Misclassifications: the ‘Strombolian’ class was often misclassified, primarily as ‘No Activity’ or ‘Lava Fountain’.
Similar errors to AlexNet: like AlexNet, the SwinT struggled with distinguishing ‘Degassing’ from ‘No Activity’ and ‘Lava Fountain’ from ‘Strombolian’.
5.3. Summary of Results
SwinT vs. AlexNet: both models classified most classes effectively, but the SwinT slightly outperformed AlexNet for ‘Cooling or Lavaflow’.
Challenges with similar classes: Both models found it difficult to distinguish the semantically close classes. For instance, ‘Degassing’ was often confused with ‘No Activity’, highlighting the need for additional data or finer-grained features.
Advantages of the SwinT: The SwinT’s Transformer-based architecture better resolved the inter-class confusion. This was evident from the confusion matrices, where the SwinT demonstrated superior performance when distinguishing between challenging classes, such as ‘Cooling or Lavaflow’ and ‘Degassing’. Specifically, the SwinT correctly classified 73 out of 75 instances of ‘Cooling or Lavaflow’ with minimal misclassifications, compared with AlexNet’s 72 out of 75. Additionally, the SwinT showed fewer misclassifications between ‘Degassing’ and ‘No Activity’ (eight misclassifications) compared with AlexNet (nine misclassifications). The global attention mechanism of SwinT allowed it to capture long-range dependencies and contextual information more effectively, leading to an improved classification accuracy regarding these complex scenarios.
Issues with Strombolian class: misclassifications of the ‘Strombolian’ class suggest a need for improved feature extraction or enhanced data augmentation to capture its unique characteristics.
5.4. Comparison of Average Classification Times Between CNN and Transformer-Based Classifiers
The average classification times for CNN-based classifiers are shown in
Table 7.
The following can be observed:
AlexNet, DarkNet53, and ShuffleNet were the fastest among the CNN-based classifiers, with an average classification time of 13.00 milliseconds.
VGG16 had the longest average classification time of 124.60 milliseconds, which was approximately 9 times slower than AlexNet.
Models like DenseNet201 and ResNet50 exhibited moderate classification times (108.00 and 69.10 milliseconds, respectively) but typically offered higher accuracies, as shown in previous analyses. This indicates a trade-off between computational efficiency and accuracy.
All models except VGG16 and DenseNet201 had classification times under 70 milliseconds, making them suitable for near-real-time applications.
The average classification times for the Transformer-based classifiers are shown in
Table 8.
The following can be seen:
The LeViT and CvT exhibited the lowest and the highest classification time, respectively.

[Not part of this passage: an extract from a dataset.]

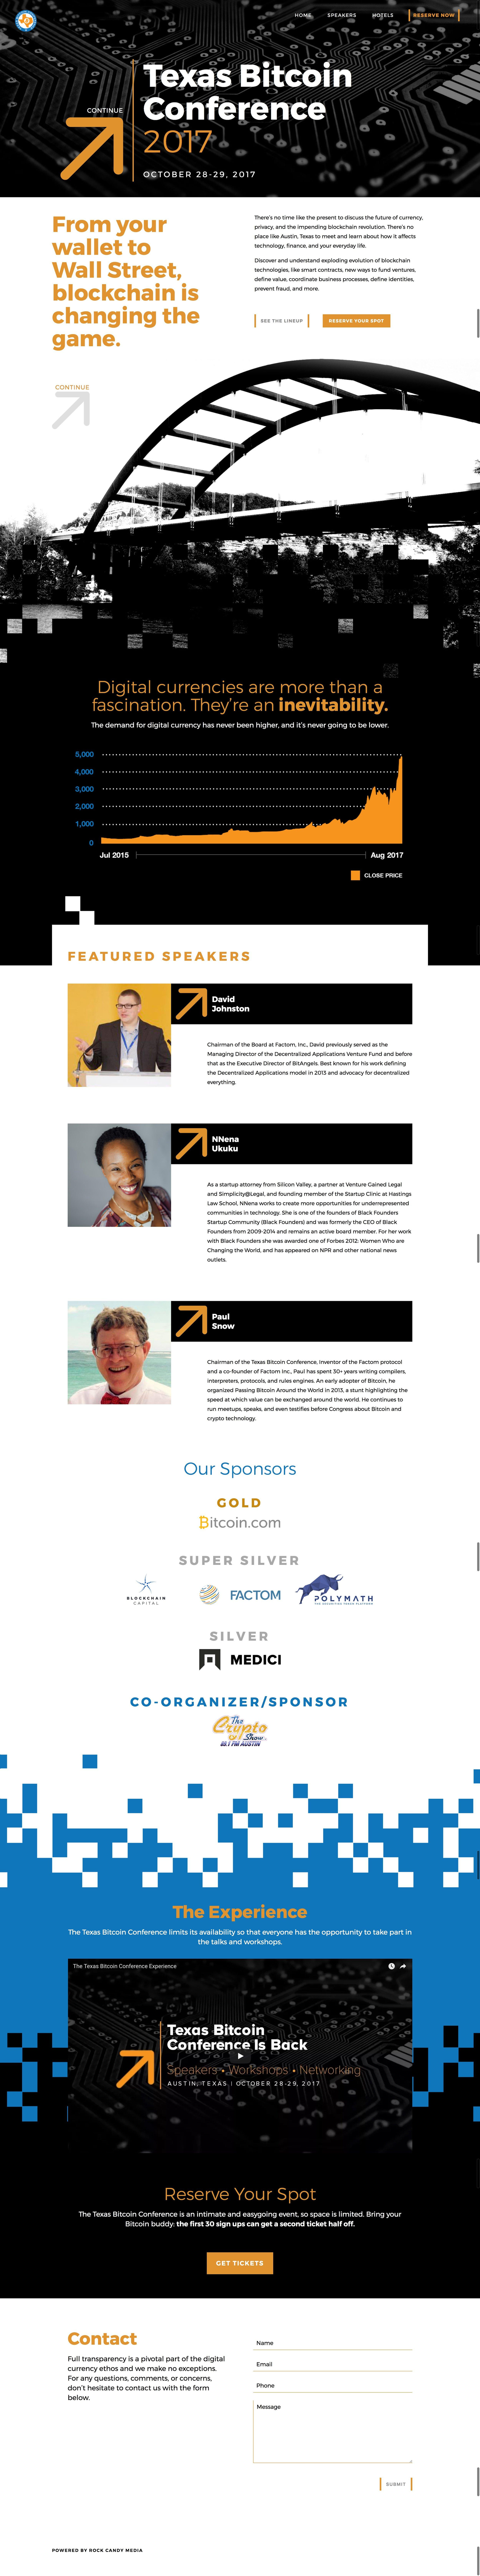 Texas Bitcoin Conference Homepage.jpg

Models like SwinT and PvT struck a balance between accuracy and computational efficiency.
The majority of the Transformer-based models, such as the TNT, ViT, and CvT, were computationally efficient and suitable for real-time applications.
In summary, the CNN-based models generally showed comparable or slightly better computational efficiencies than the Transformer-based models, with AlexNet, DarkNet53, and ShuffleNet being the fastest classifiers overall. Both AlexNet and ShuffleNet were strong candidates due to their low classification times and reliable performances.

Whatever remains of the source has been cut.